My entire application relies on this. I have functions that return the entire list, and also have functions that return a single item. So many places in my code I am doing LINQ queries on the collection, etc.

I pushed it all to production, on site that gets considerable traffic, and immediately 100% cpu. I used the iis diagnostic tool, and sure enough, there were 50+ threads in a deadlock, waiting on the ConcurrentBag.
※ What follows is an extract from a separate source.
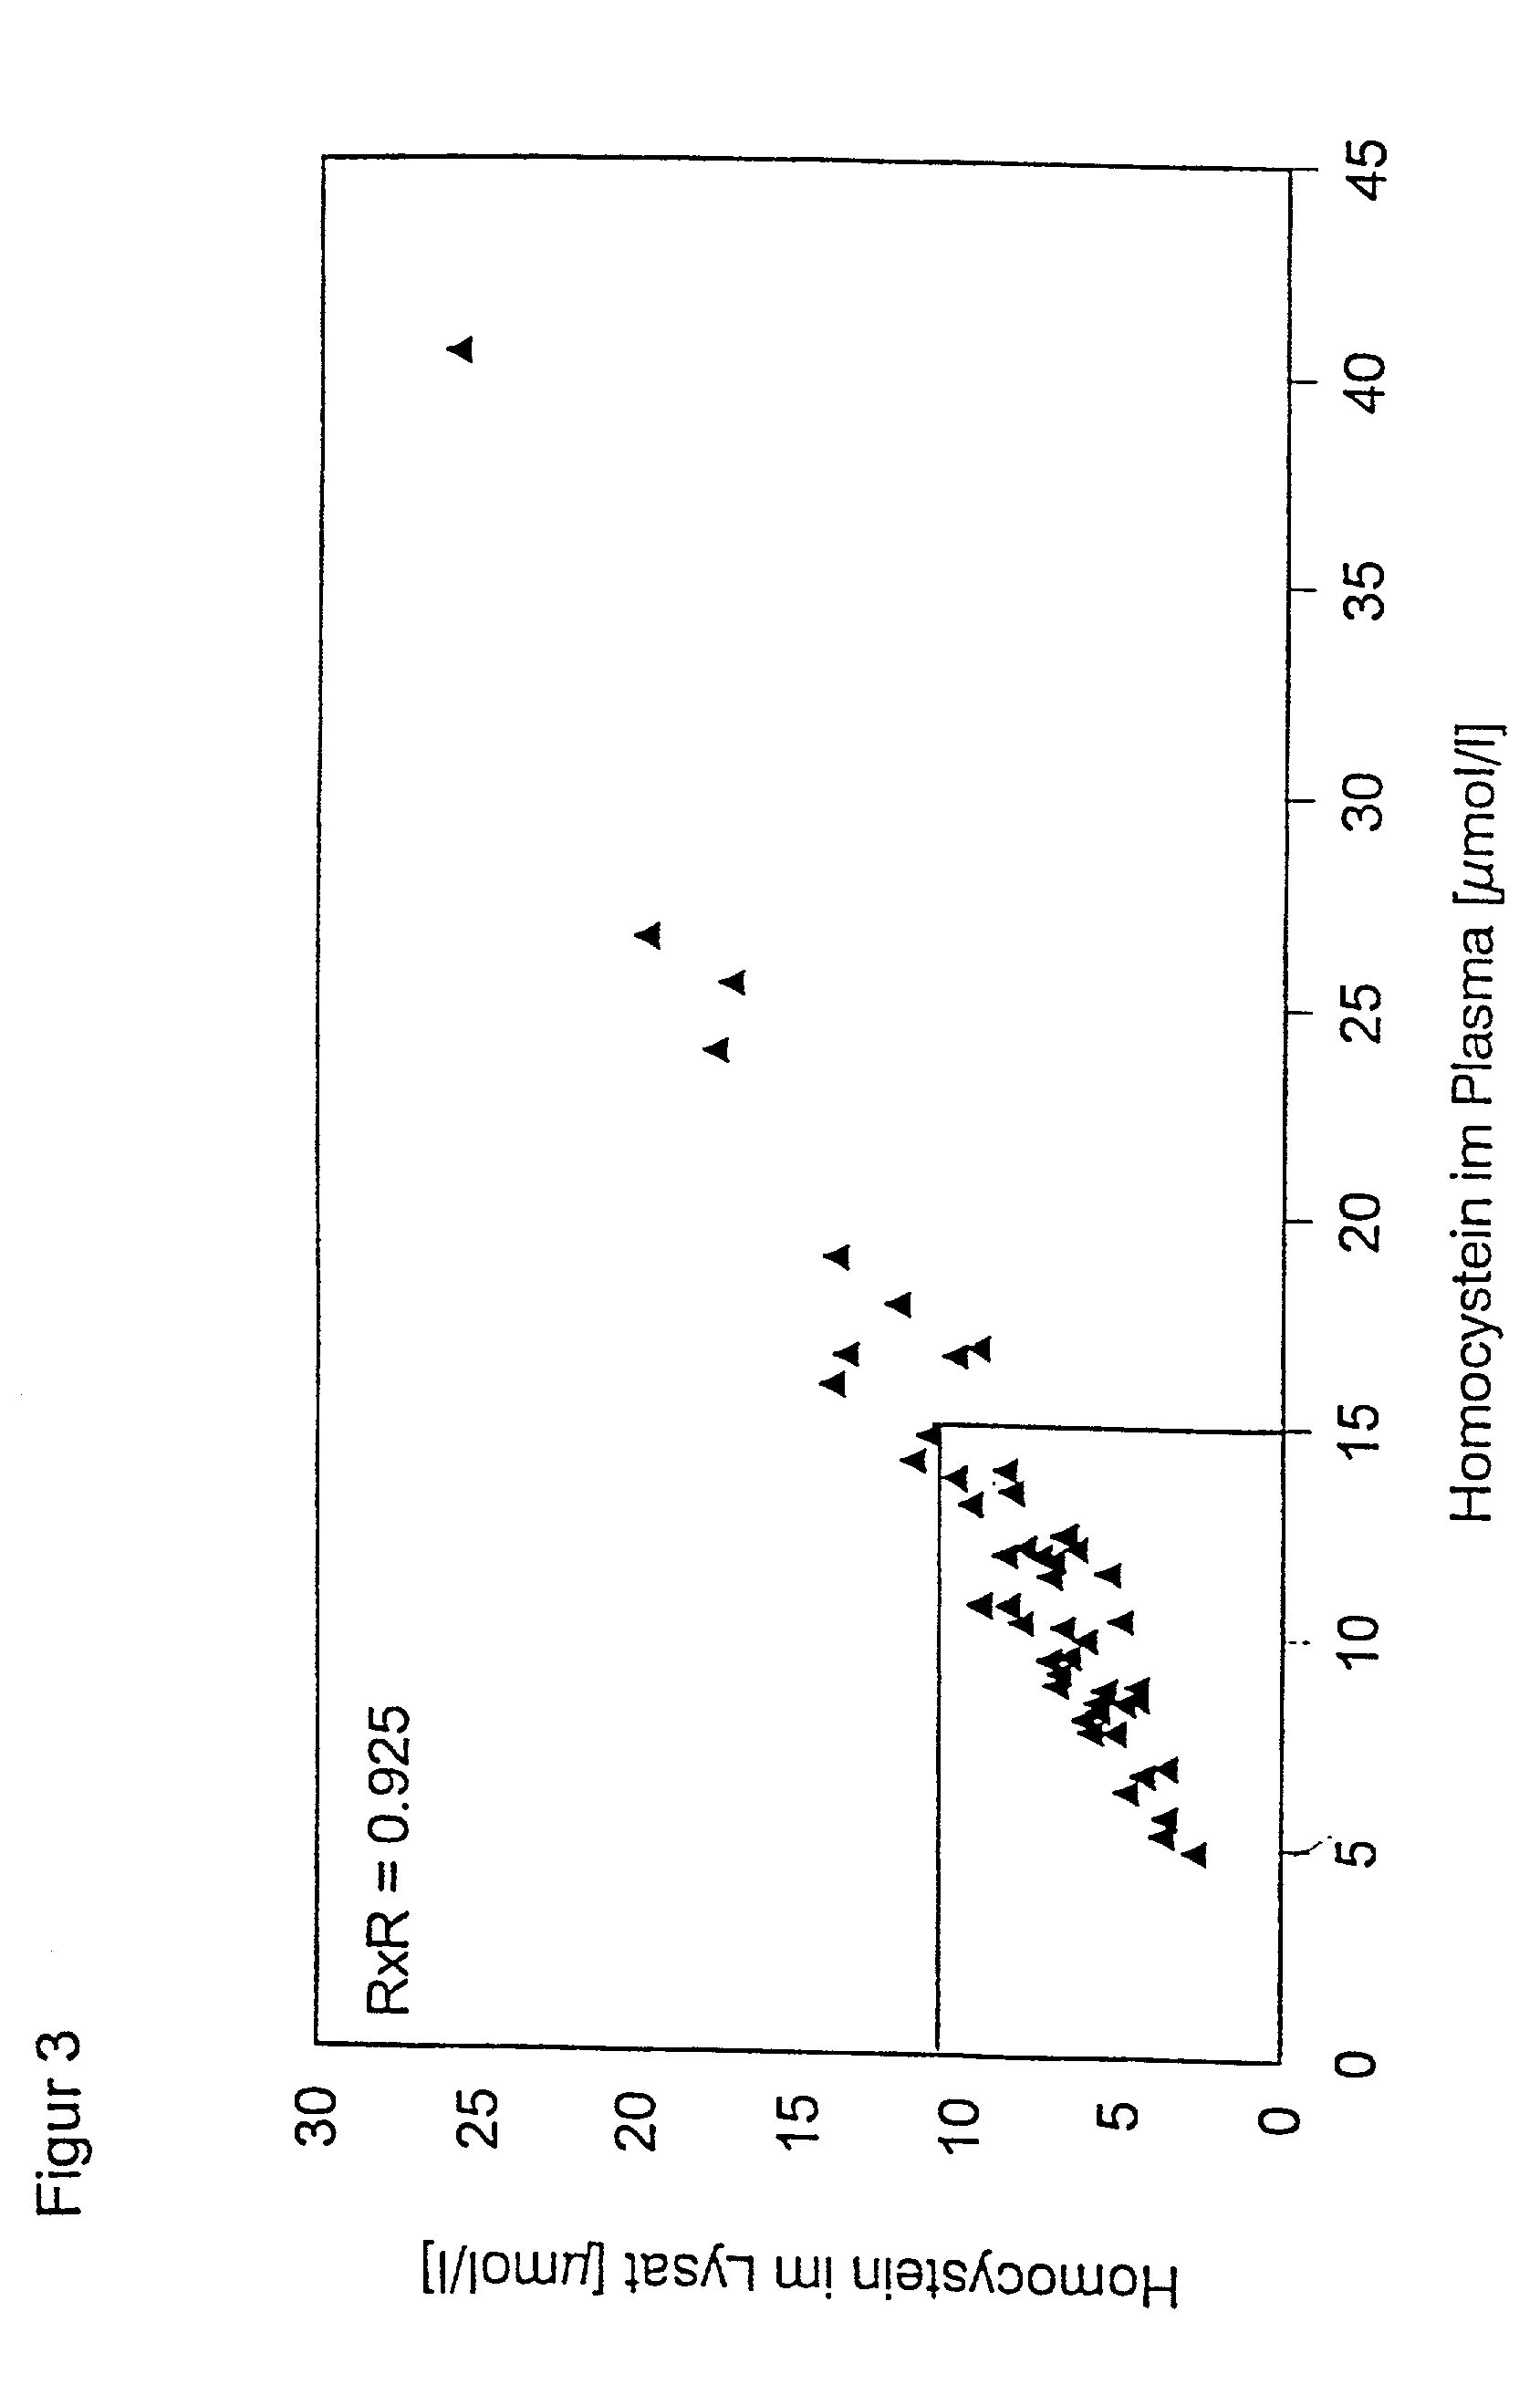 Preparation of blood samples for detecting homocysteine and/or folate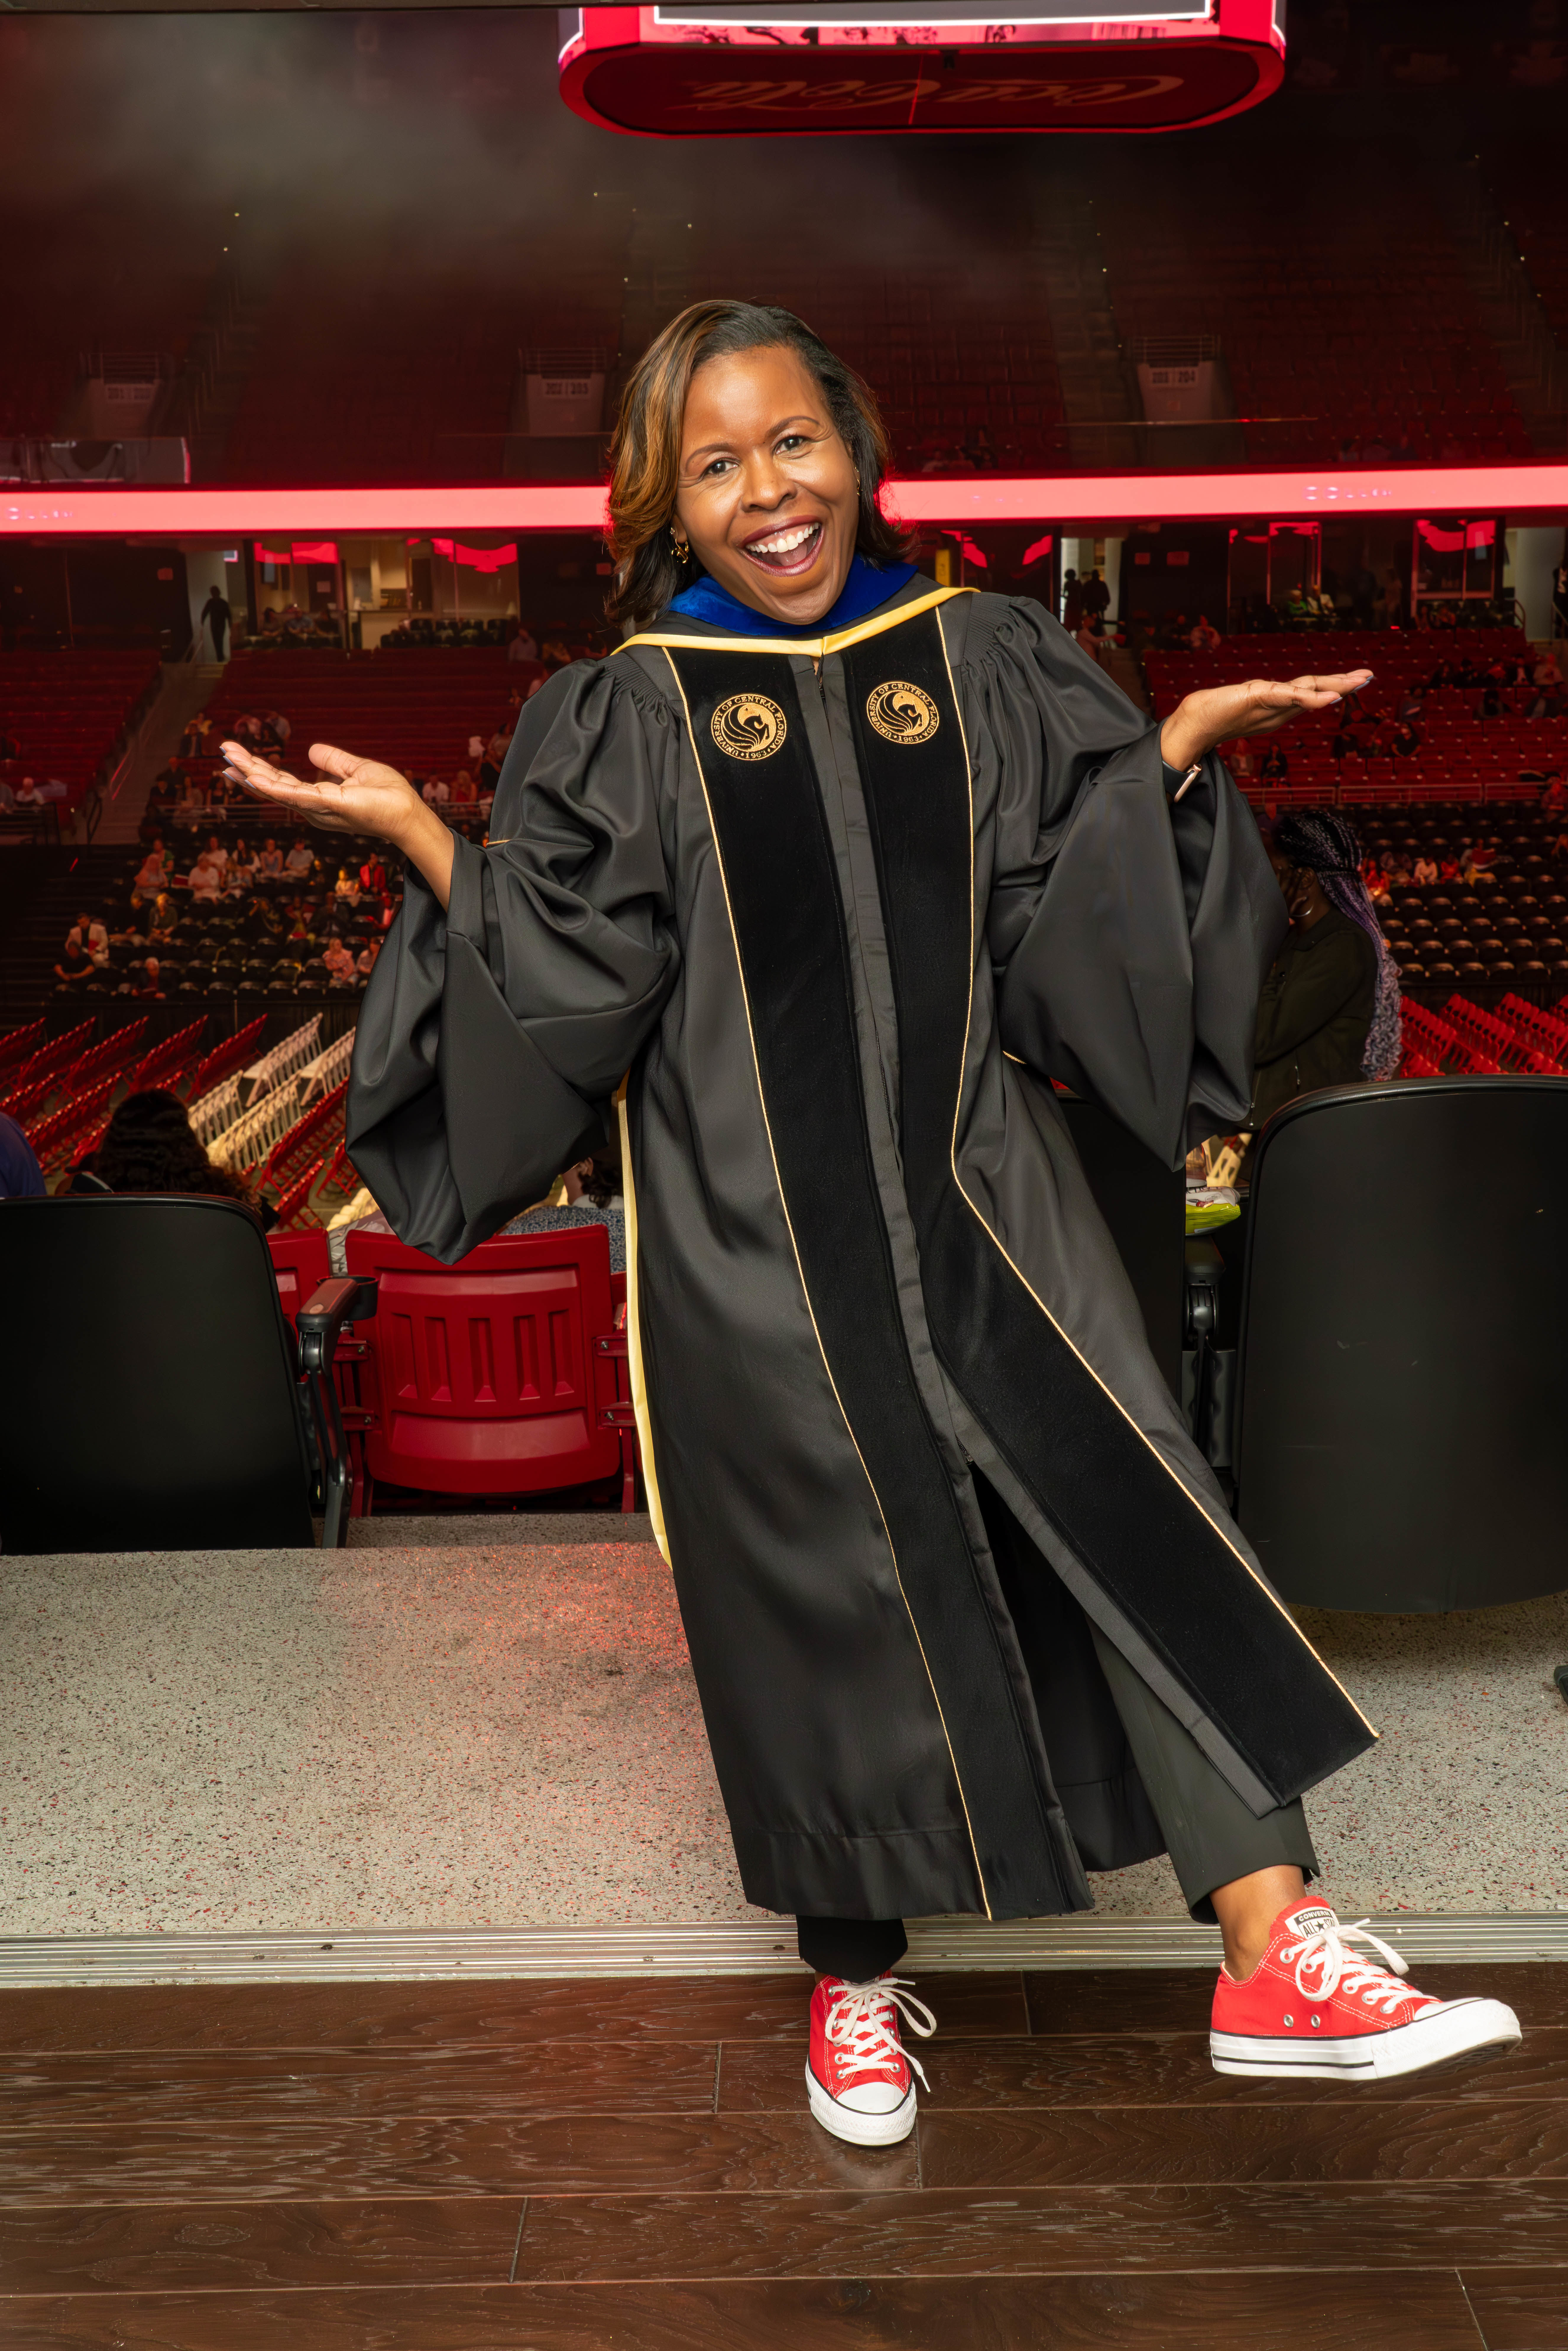 Dean Shealey poses on stage during graduation in her gown and cherry red sneakers

The documentation says this collection is thread-safe, but either that's not true, or the performance of this collection is not good thusly making it not thread-safe indirectly.

This collection unfortunately isn't read only. If one of the functions that looks up by ID returns null, it will hit a web service, and add it.

I also converted it to a ConcurrentDictionary, and had the same problem. Locks for Days on the .Values property.

What is the fastest and most thread-safe solution in most extreme scenarios?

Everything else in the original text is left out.